This paper proposes a perceptual model of sound which will address the issues of natural specification,
the manipulation of subjective dimensions, a geometric interface, and transportable coordinates. The
sound model is derived from considerations of the form and properties of the HSL colour model.
46.
The HSL Colour Model
Colour perception has attracted considerable research effort because of its importance in arts, crafts and
industries such as painting, dying, lighting, printing, television and computing. The HSL colour model is
part of a theory of colour which has been extensively developed through psychological experiments on
human perception.
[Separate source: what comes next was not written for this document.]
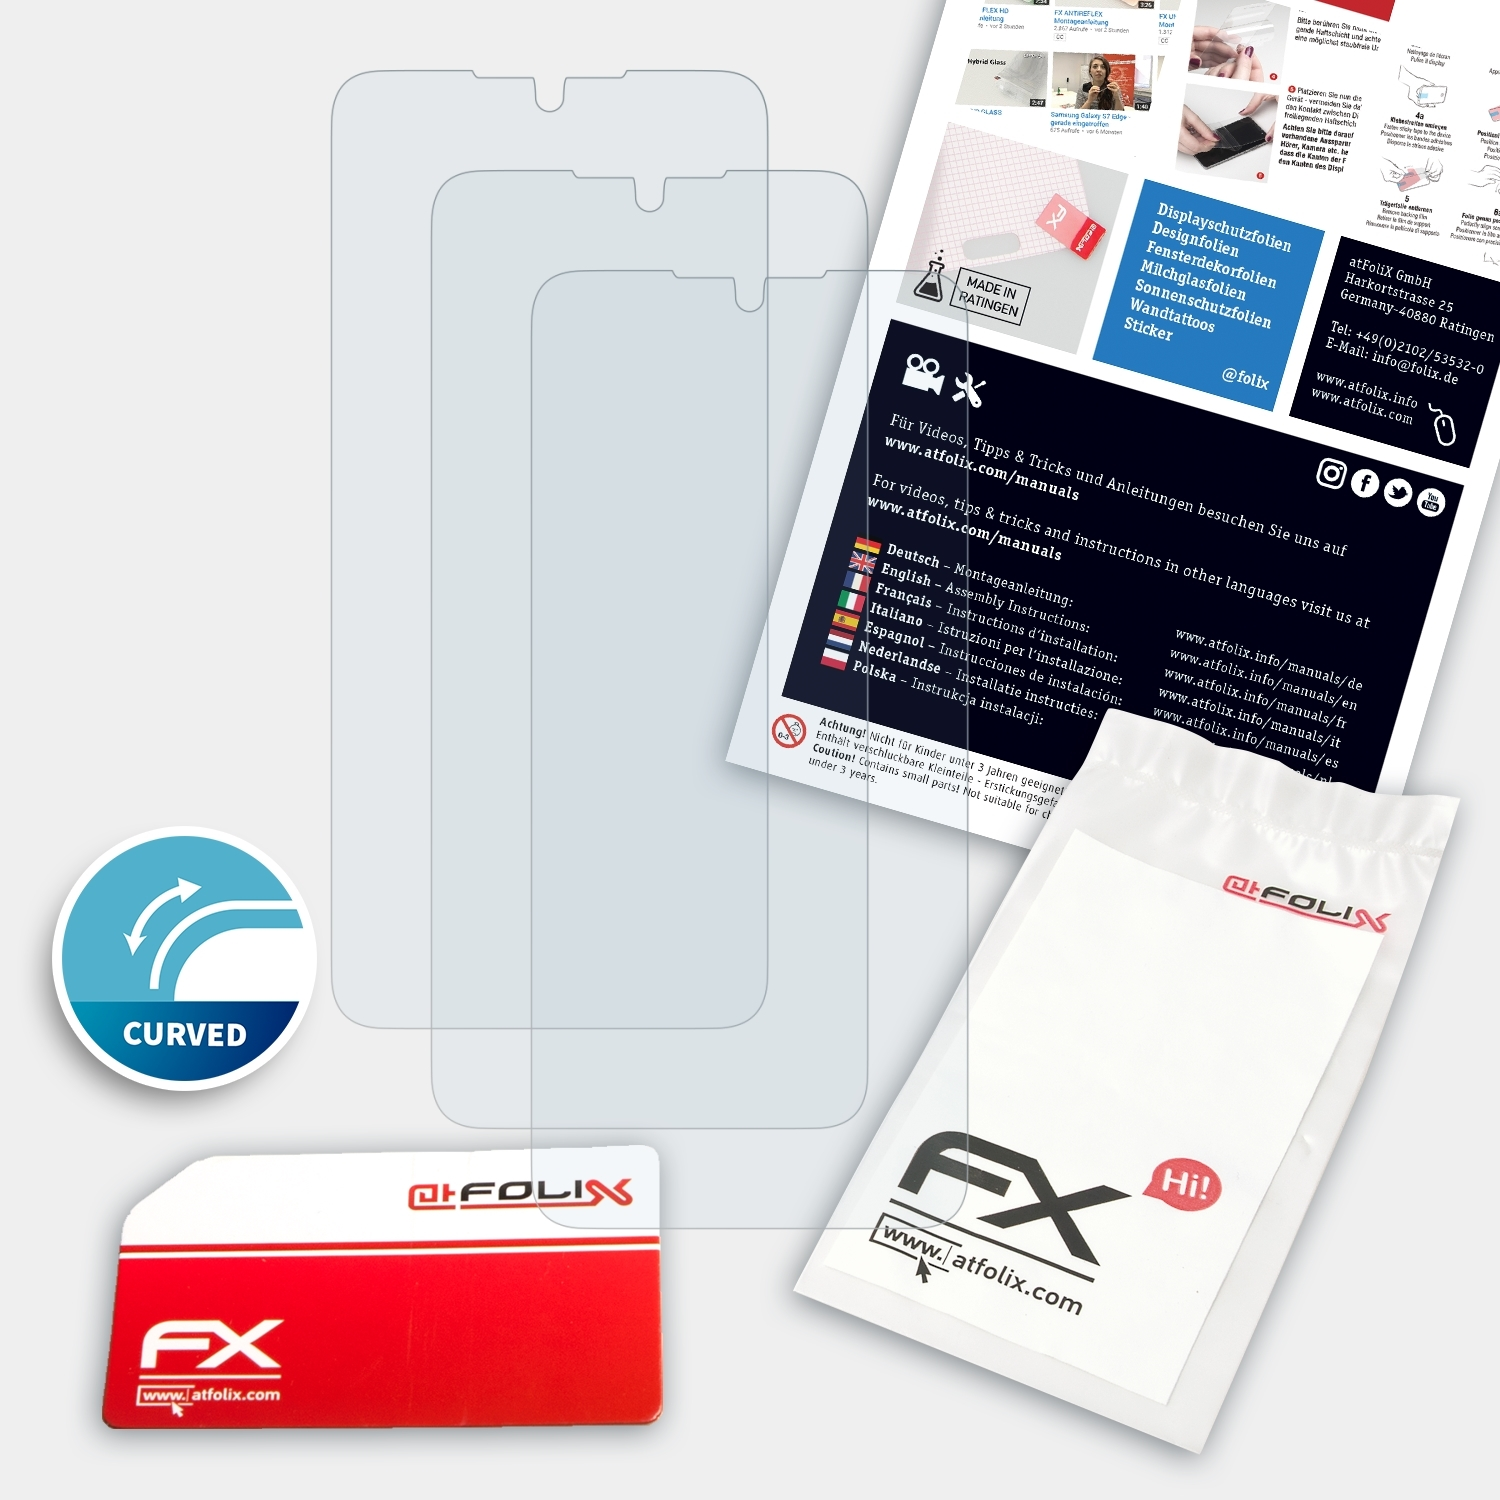 Nokia 6.2) Displayschutz(für 3x ATFOLIX FX-ActiFleX

The subjective dimensions of colour are hue, saturation and lightness which covary
with the physical attributes of wavelength, spectral content and intensity of the visible electromagnetic
spectrum. The arrangement of colours is called natural because changes in colours are systematic and
observable due to the alignment of the axes of the model with human perception. The appearance of a
colour may be varied independently in each dimension without affecting the other dimensions, so for
example a green hue may be made lighter or darker without altering its green-ness. Arranging the
model in a geometric way allows colours to be compared in terms of position - the further two colours are
apart the greater the difference in their appearance. It also enable the use of geometric paths for
specifying ordered sequences of colours, such as lines, circles and spirals. The polar cyclindrical geometry
of the HSL colour model is shown in Figure 79. This geometric system consists of a chromatic wheel,
made up of a hue angle (H) and a saturation radius (S), fixed upon a vertical lightness axis (L).
grey axis
Lightness (L)
Saturation (S)
Hue (H)
chromatic wheel
Figure 79. The HSL colour model
47.
Sound Perception
The subjective attributes of sounds are loudness, pitch, timbre and duration [42]. At first glance it seems
that a simple sound model may be formed from a combination of these four dimensions. However
“timbre” is a catch-all label for the many variations in sounds which differentiate a guitar from a piano,
or identify a person from their voice, or allow the recognition that an object is made of metal rather than
wood when it is hit. The perception of timbre covaries with amplitude and frequency modulation, attack
time, spectral content and many other objective aspects of acoustic events. These variations are heard in
subjective changes described by words such as roughness, brightness, or thickness. Because timbre is a
multidimensional perception all timbres cannot be mixed from a small number of primary components,
as is the case with colour. This is a significant problem because timbre will not collapse neatly into a low
dimensional space. However it is possible to systematise a subset of timbres in a way that is observable,
and this system can provide a foundation for a sound model.
47.1
Timbre models
There have been a variety of research efforts which have attempted to more clearly define the subjective
components of timbre, and to extract the most salient dimensions.
47.1.1 Spectral Timbre
Early studies in timbre perception were of steady sounds which had spectral components that did not
change over time. Ramps, blocks, trapezoids and humps were among the spectral envelopes that Von
Bismarck[45] applied to harmonic and white noise sources. Subjects were asked to rate the resulting
sounds against 30 verbal scales consisting of opposite meaning pairs such as hard-soft, sharp-dull,
violent-gentle, dark-light, rough-smooth, coarse-fine, dirty-clean, thin-thick, compact-scattered,
empty-full, solid-hollow. Four main dimensions which spanned 90% of the variation were found by factor
analysis. Sharpness was the most dominant factor, followed by compactness. The compactness
dimension showed a clear discrimination between sounds with harmonic sources and those with noise
sources. Sharpness was related to the centre of gravity of the spectral envelope, with a progression from
sounds with dominant low harmonics to sounds where the upper harmonics were emphasised. In further
experiments Von Bismarck demonstrated that sharpness can be doubled and halved in a similar fashion
to loudness and pitch [46].
The shape of localised regions of the spectrum can be described by parameterised formants. Formants
provide a means to specify and manipulate complex spectra more simply than operating on individual
spectral components. Pollard and Jansson proposed a tristimulus formant model [37] of timbre in which
the three vertices of a triangle represent three frequency regions - the fundamental, the mid frequency
partials (2,3,4) and the residual upper partials. Spoken vowels fall into unique locations in this space
which indicates that it may be perceptually significant. Slawson [43] proposed that a two dimensional
F1-F2 plane based on the two most significant formants is fundamental to timbre perception, and that
timbres are naturally ordered in this space. He also attempted to show that a path representing a timbre
sequence in this space can be moved or transposed whilst maintaining its perceptual order.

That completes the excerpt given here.